Preserving the metadata in a file is possible. You can find an example of how to store metadata in an HDF5 file here.

Upvotes: 113

Olshansky

Reputation: 6414

For those looking to store the datafram in an HDFStore, according to pandas.pydata.org, the recommended approach is:

import pandas as pd

df = pd.DataFrame(dict(keys=['a', 'b', 'c'], values=['1', '2', '3']))
df.to_hdf('/tmp/temp_df.h5', key='temp_df')
store = pd.HDFStore('/tmp/temp_df.h5') 
store.get_storer('temp_df').attrs.attr_key = 'attr_value'
store.close()

Upvotes: 1

keepAlive

Reputation: 6665

Referring to the section Define original properties^{(of the official Pandas documentation)} and if subclassing from pandas.DataFrame is an option, note that:

To let original data structures have additional properties, you should let pandas know what properties are added.

Thus, something you can do - where the name MetaedDataFrame is arbitrarily chosen - is

class MetaedDataFrame(pd.DataFrame):
    """s/e."""
    _metadata = ['instrument_name']

    @property
    def _constructor(self):
        return self.__class__

    # Define the following if providing attribute(s) at instantiation
    # is a requirement, otherwise, if YAGNI, don't.
    def __init__(
        self, *args, instrument_name: str = None, **kwargs
    ):
        super().__init__(*args, **kwargs)
        self.instrument_name = instrument_name

And then instantiate your dataframe with your (_metadata-prespecified) attribute(s)

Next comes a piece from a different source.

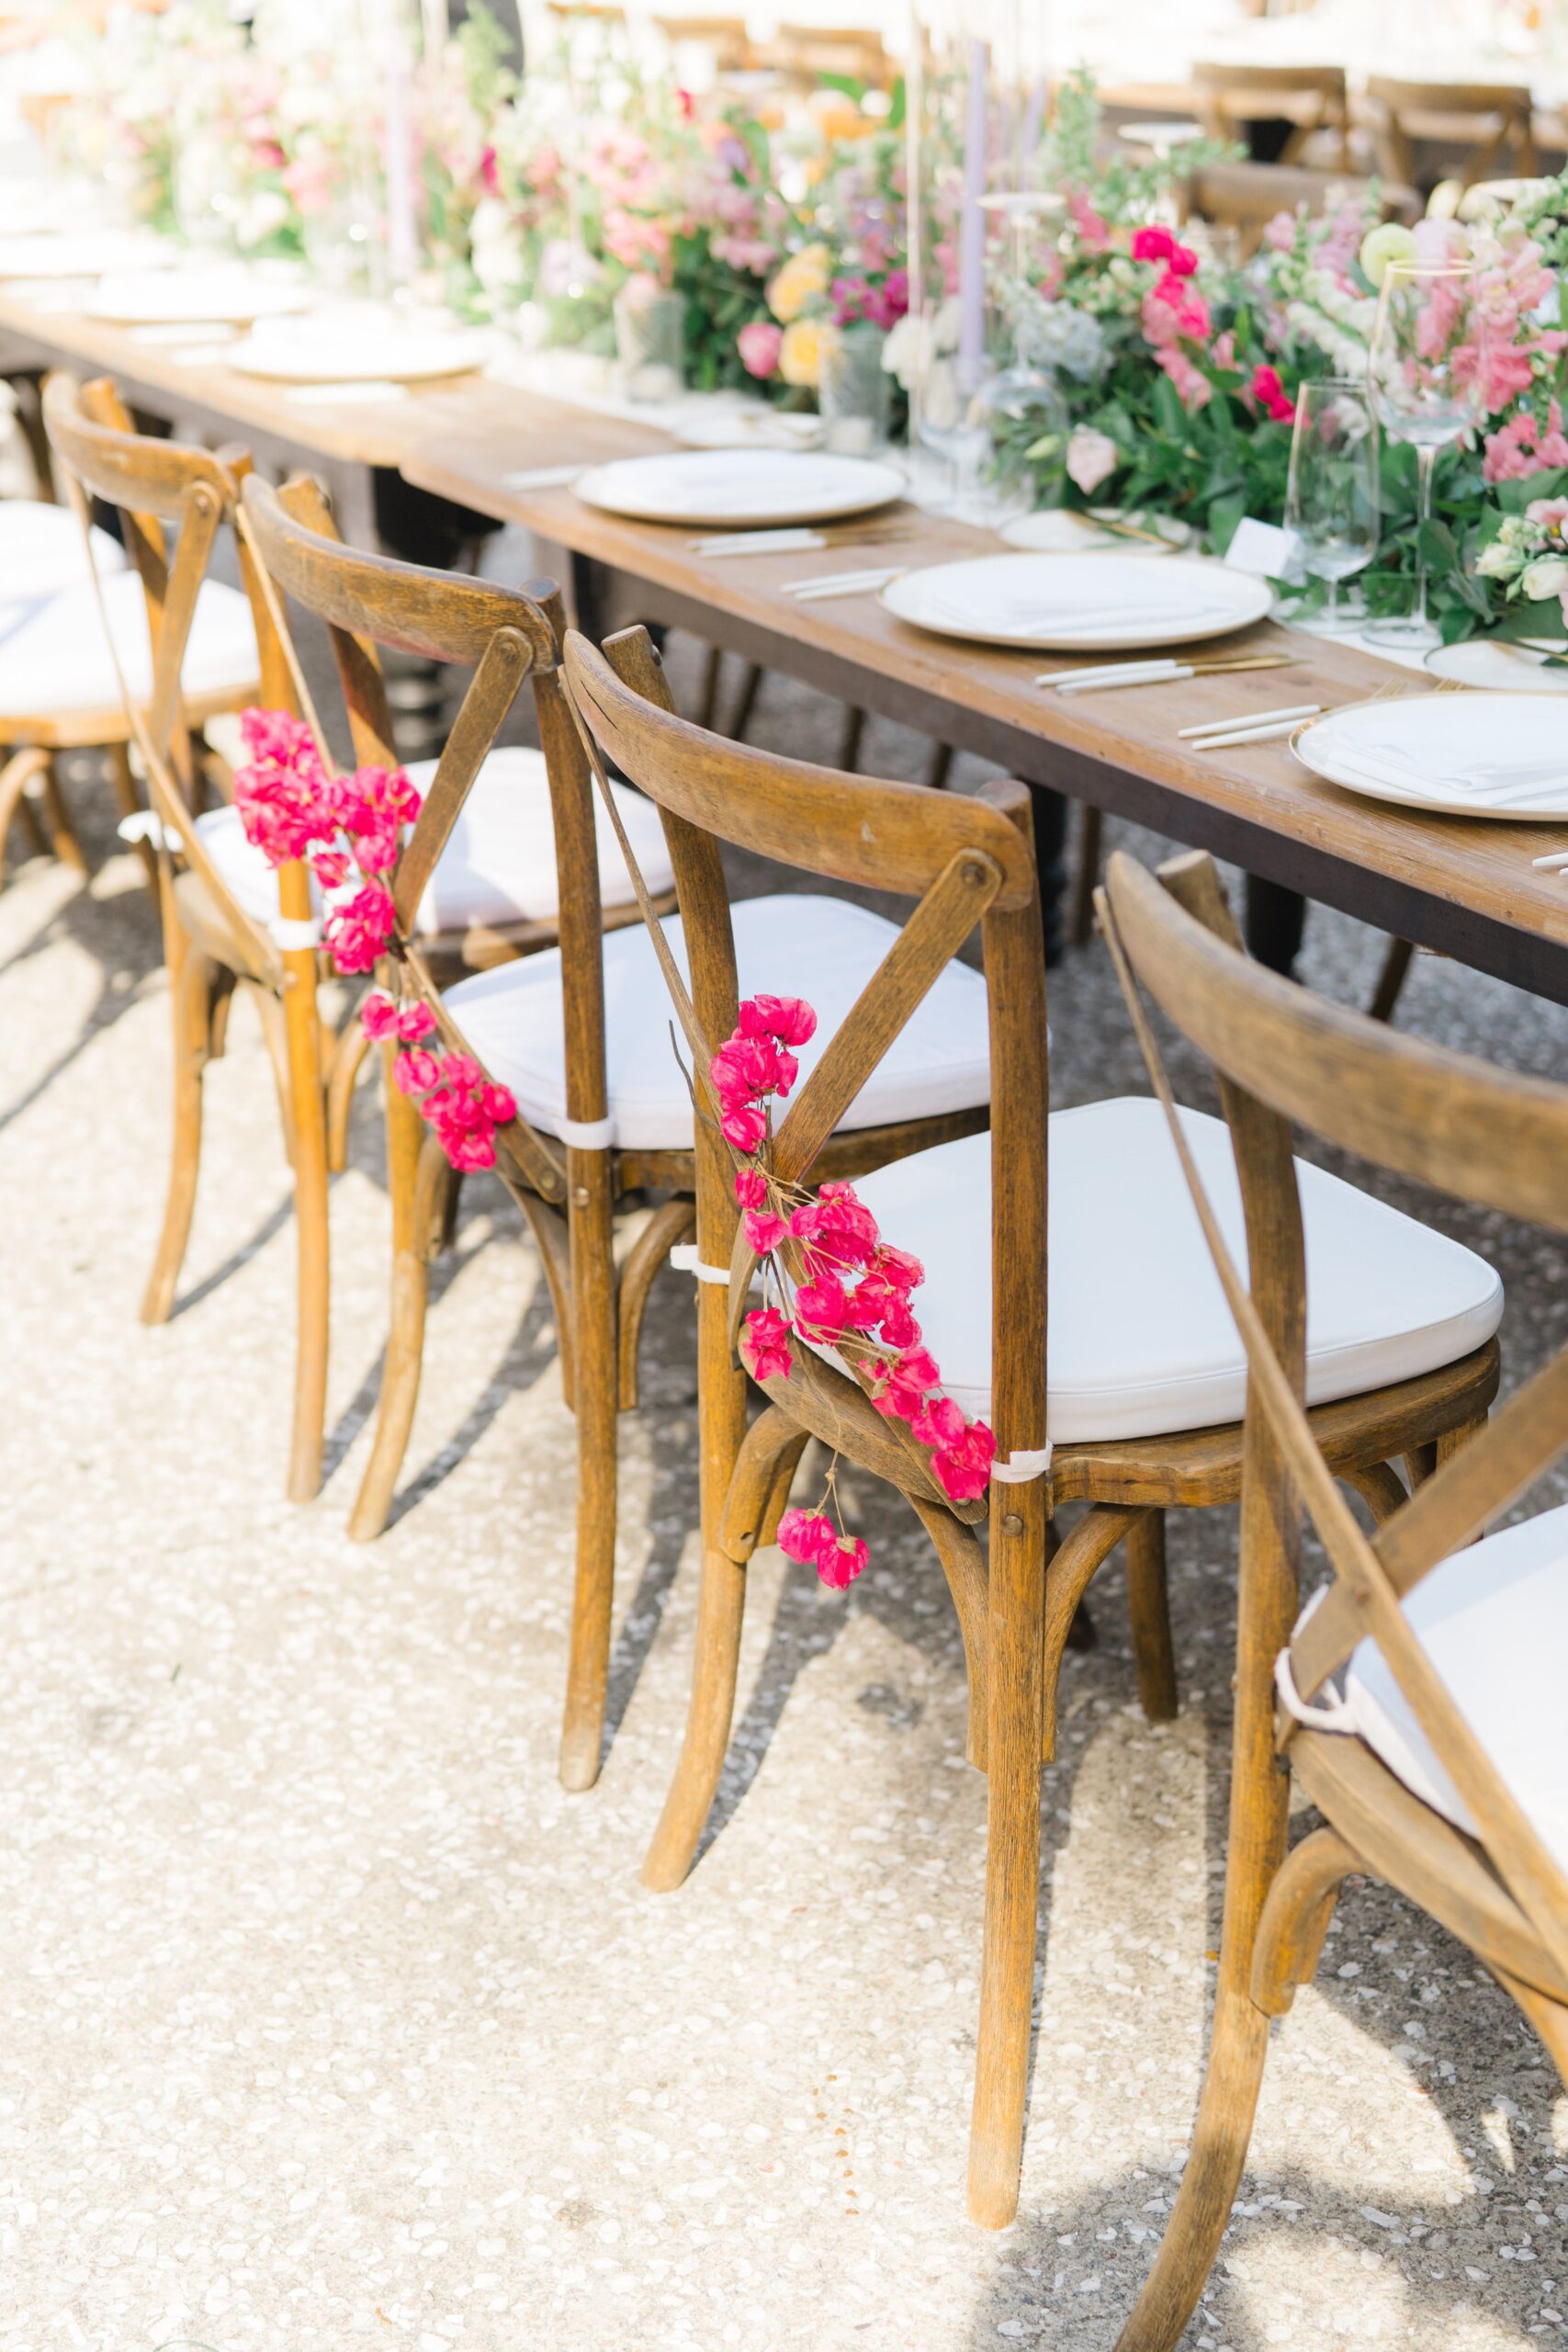 pink flowers accent bride and groom chairs for head table at outdoor al fresco wedding reception dinner.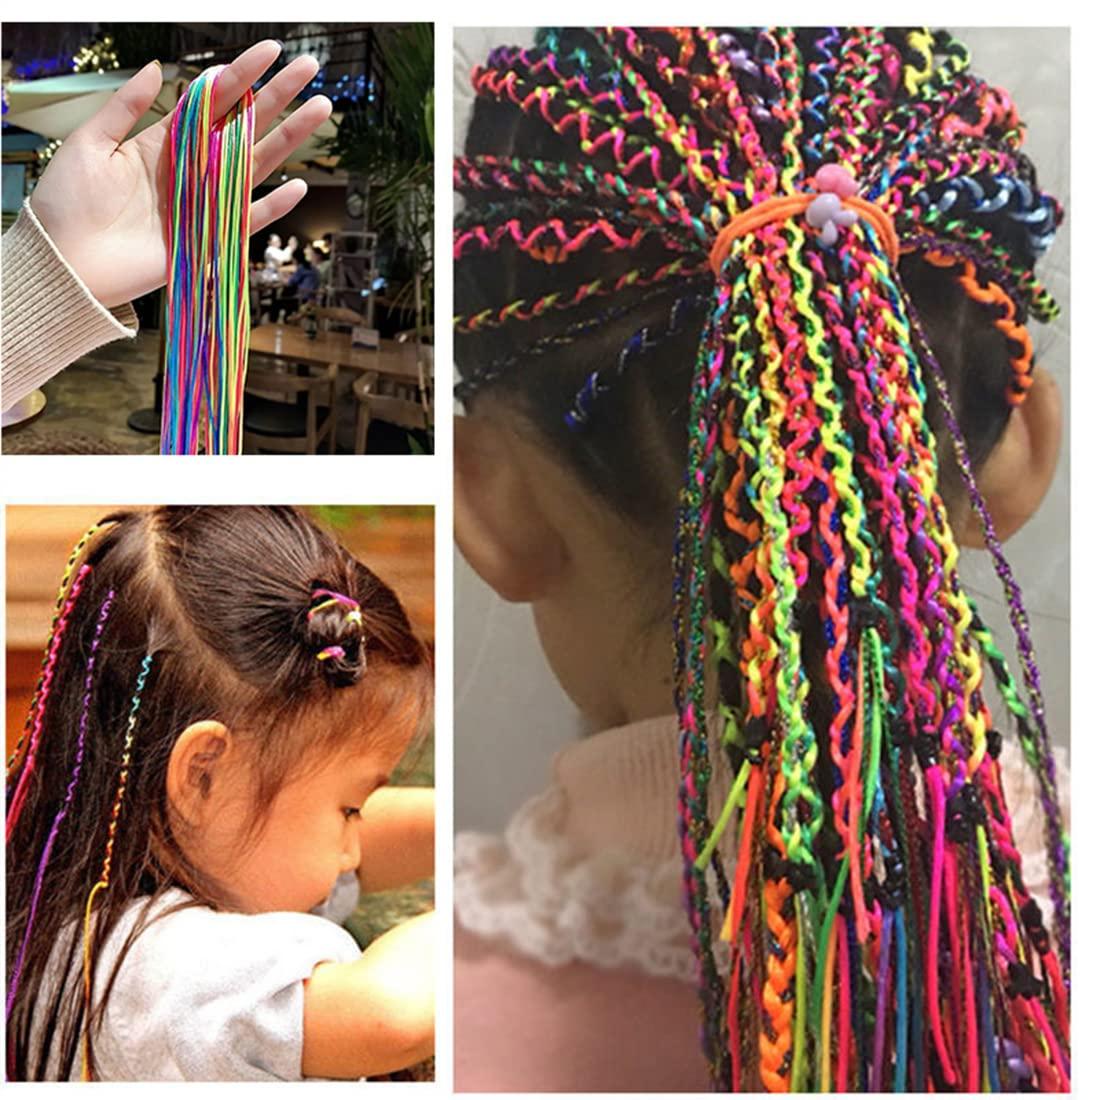 50pcs Hair Braids Assorted Gradient Colorful Braided Hair Rope Band Set for Ponytail  braids Women Girl DIY Braid Hair Styling Accessories Wraps

>>> mdf = MetaedDataFrame(instrument_name='Binky')
>>> mdf.instrument_name
'Binky'

Or even after instantiation

>>> mdf = MetaedDataFrame()
>>> mdf.instrument_name = 'Binky'
'Binky'

Without any kind of warning (as of 2021/06/15): serialization and ~.copy work like a charm. Also, such approach allows to enrich your API, e.g. by adding some instrument_name-based members to MetaedDataFrame, such as properties (or methods):

    [...]
    
    @property
    def lower_instrument_name(self) -> str:
        if self.instrument_name is not None:
            return self.instrument_name.lower()

    [...]

>>> mdf.lower_instrument_name
'binky'

... but this is rather beyond the scope of this question ...

Upvotes: 5

Jon

Reputation: 1142

Adding raw attributes with pandas (e.g. df.my_metadata = "source.csv") is not a good idea.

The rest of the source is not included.